Finance should pay much more attention to undersea cables risk

The threats to this crucial infrastructure are growing but there are possible solutions

Underwater cables, not the mythical 'cloud', carry over 99% per cent of global internet traffic, including $10 trillion in daily financial transactions. Photograph: stock
Underwater cables, not the mythical 'cloud', carry over 99% per cent of global internet traffic, including $10 trillion in daily financial transactions. Photograph: stock

What is the greatest tail risk stalking global finance today? There is a depressingly long list of options: surging debt, volatile rates, geopolitical conflict and/or cyber failures like the one accidentally unleashed by CrowdStrike and Microsoft. But there is another deserving far more debate: underwater sea cables.

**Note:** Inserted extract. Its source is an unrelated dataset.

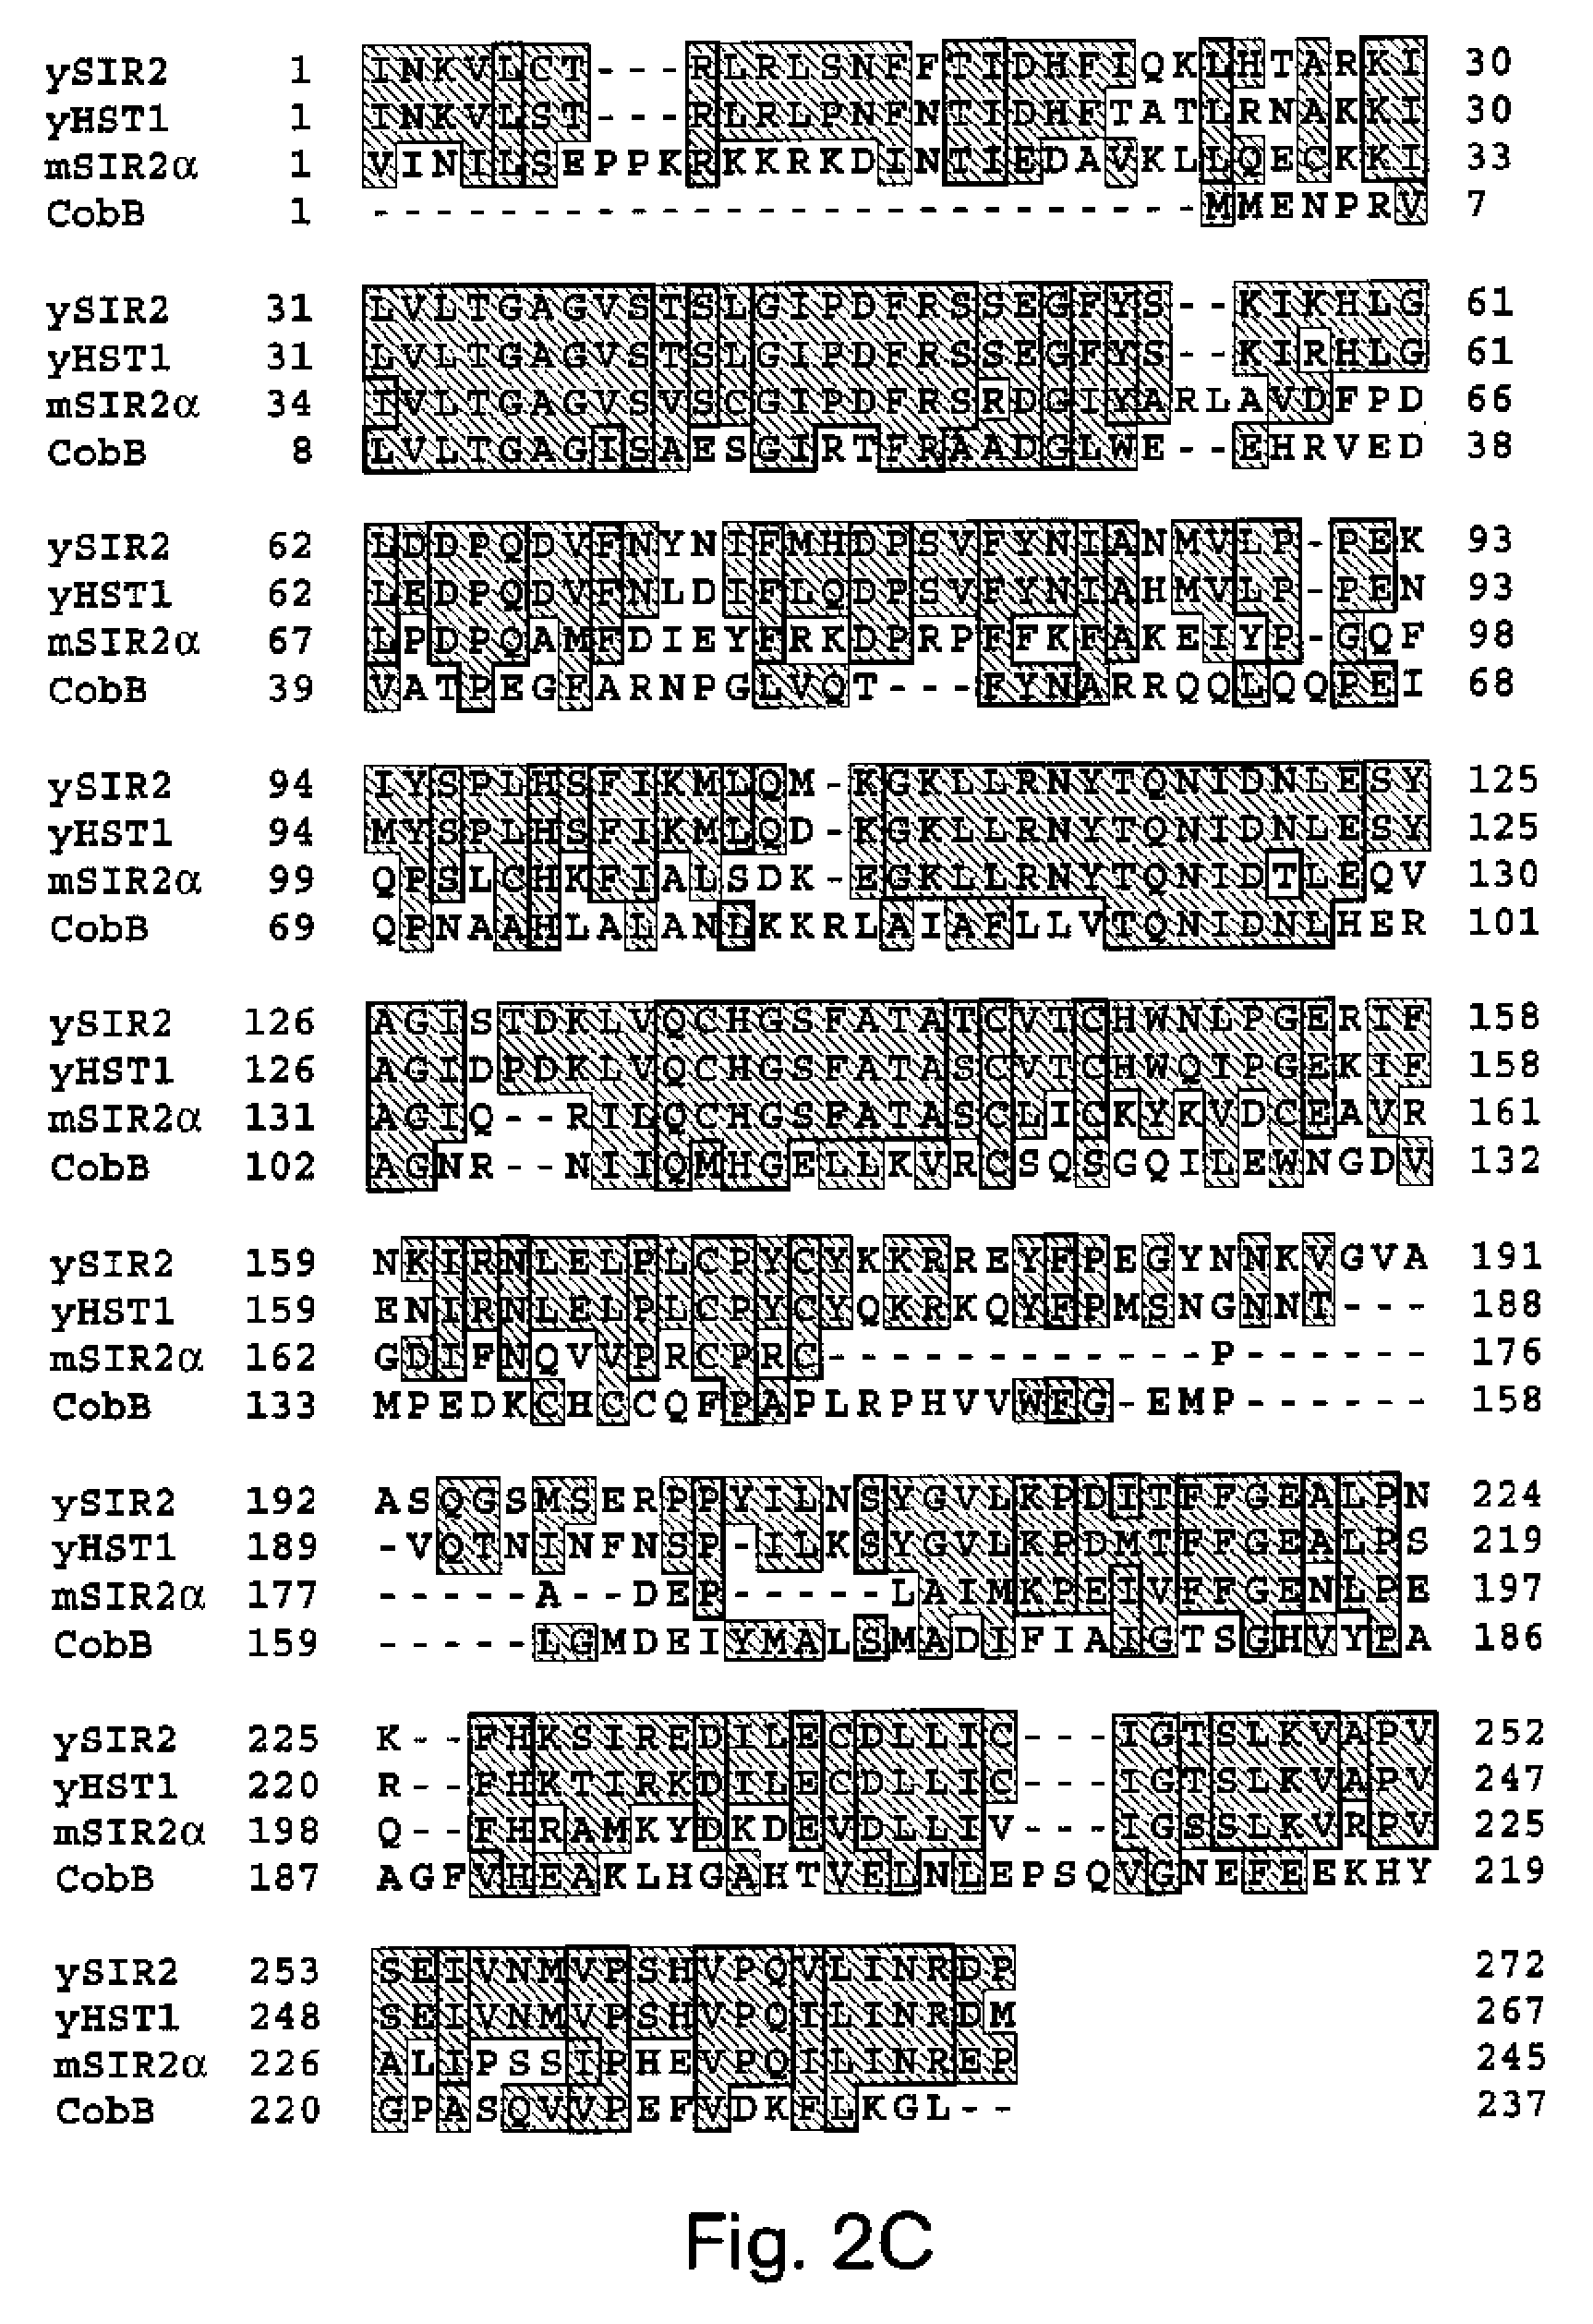 Methods for identifying agents which alter histone protein acetylation, decrease aging, increase lifespan
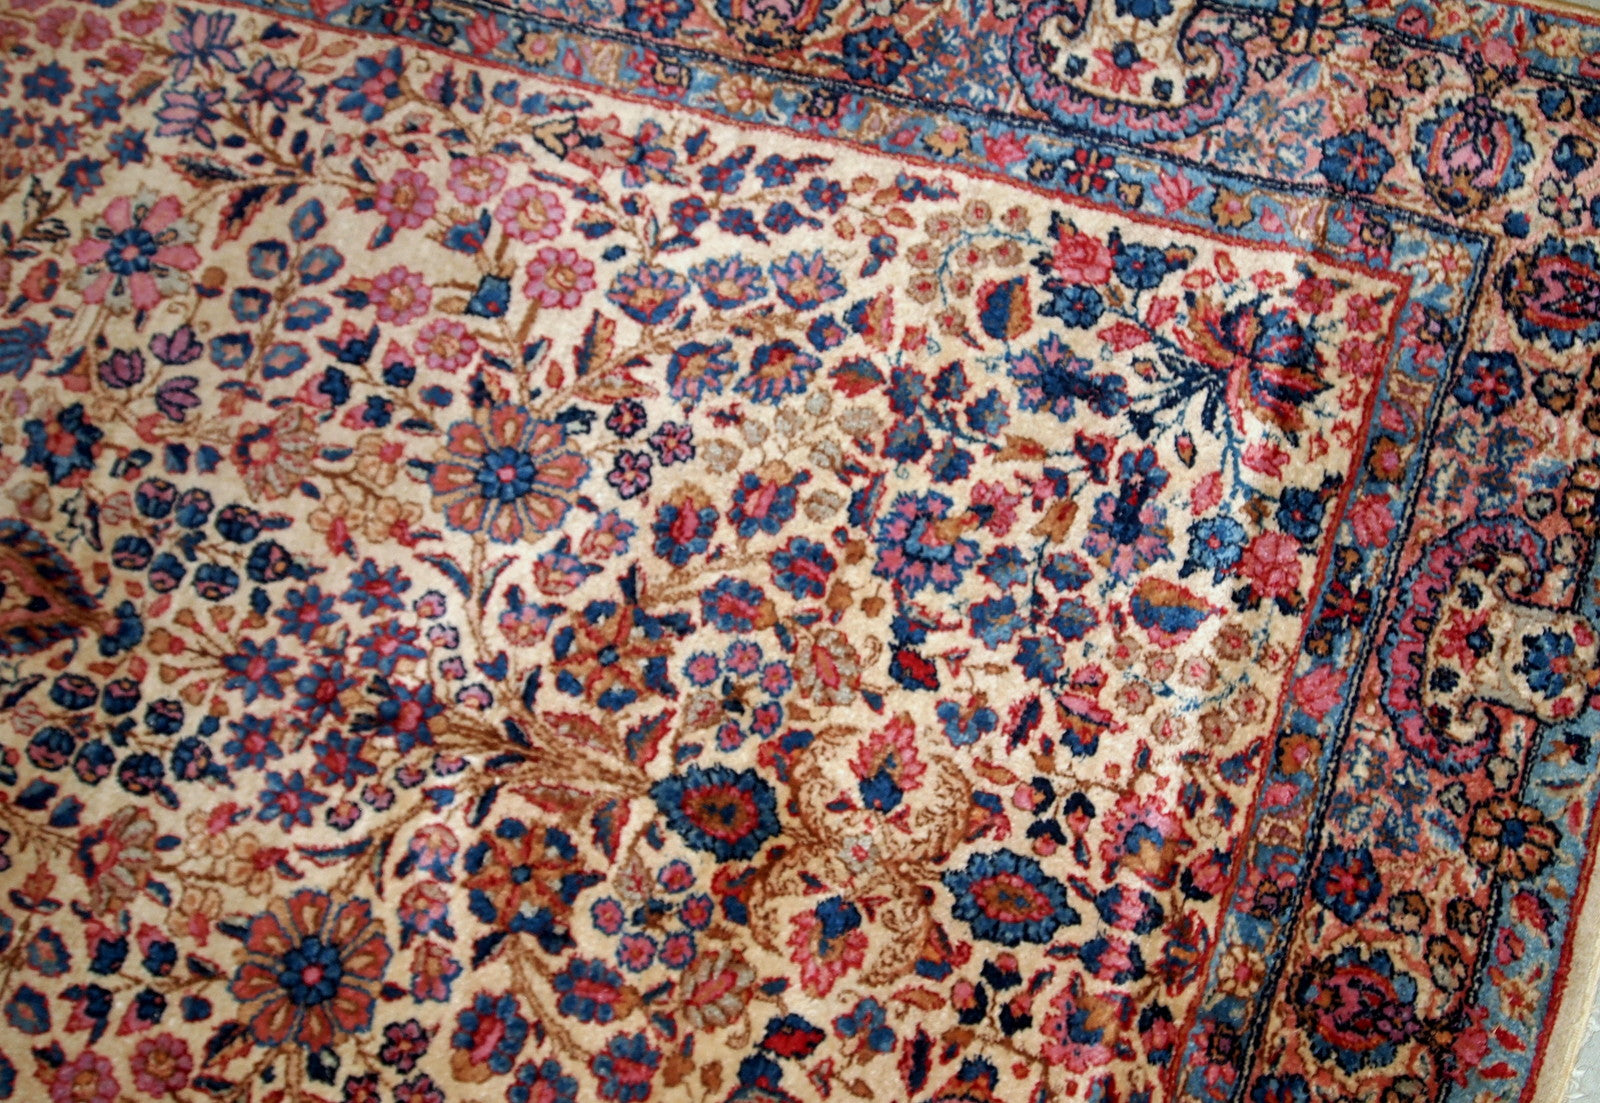 Hand-woven antique Kerman rug in original good condition, from the beginning of 20th century. The rug is in light shades and busy floral design.

Normally this is a topic submerged from sight, both literally and metaphorically. That is because western cultures typically depict the internet as a disembodied thing (think “cloud”), while the media focus on flashy satellites, like those run by Elon Musk.

But, as anthropologists such as Alexandre Laumonier have long noted, this cultural frame is a dangerous illusion: the internet is rooted in physical infrastructure, with over 99 per cent of global traffic moving via subsea cables. This includes the $10 trillion (€9.2 trillion) in daily financial transactions on platforms such as Swift which drive global markets.

These cables can be damaged by natural disasters (like tsunamis), accidents (a ship’s anchor) or deliberate attack. The problem is akin to the issue that erupted with French railways during the Olympics: if someone sabotages a link traffic stops.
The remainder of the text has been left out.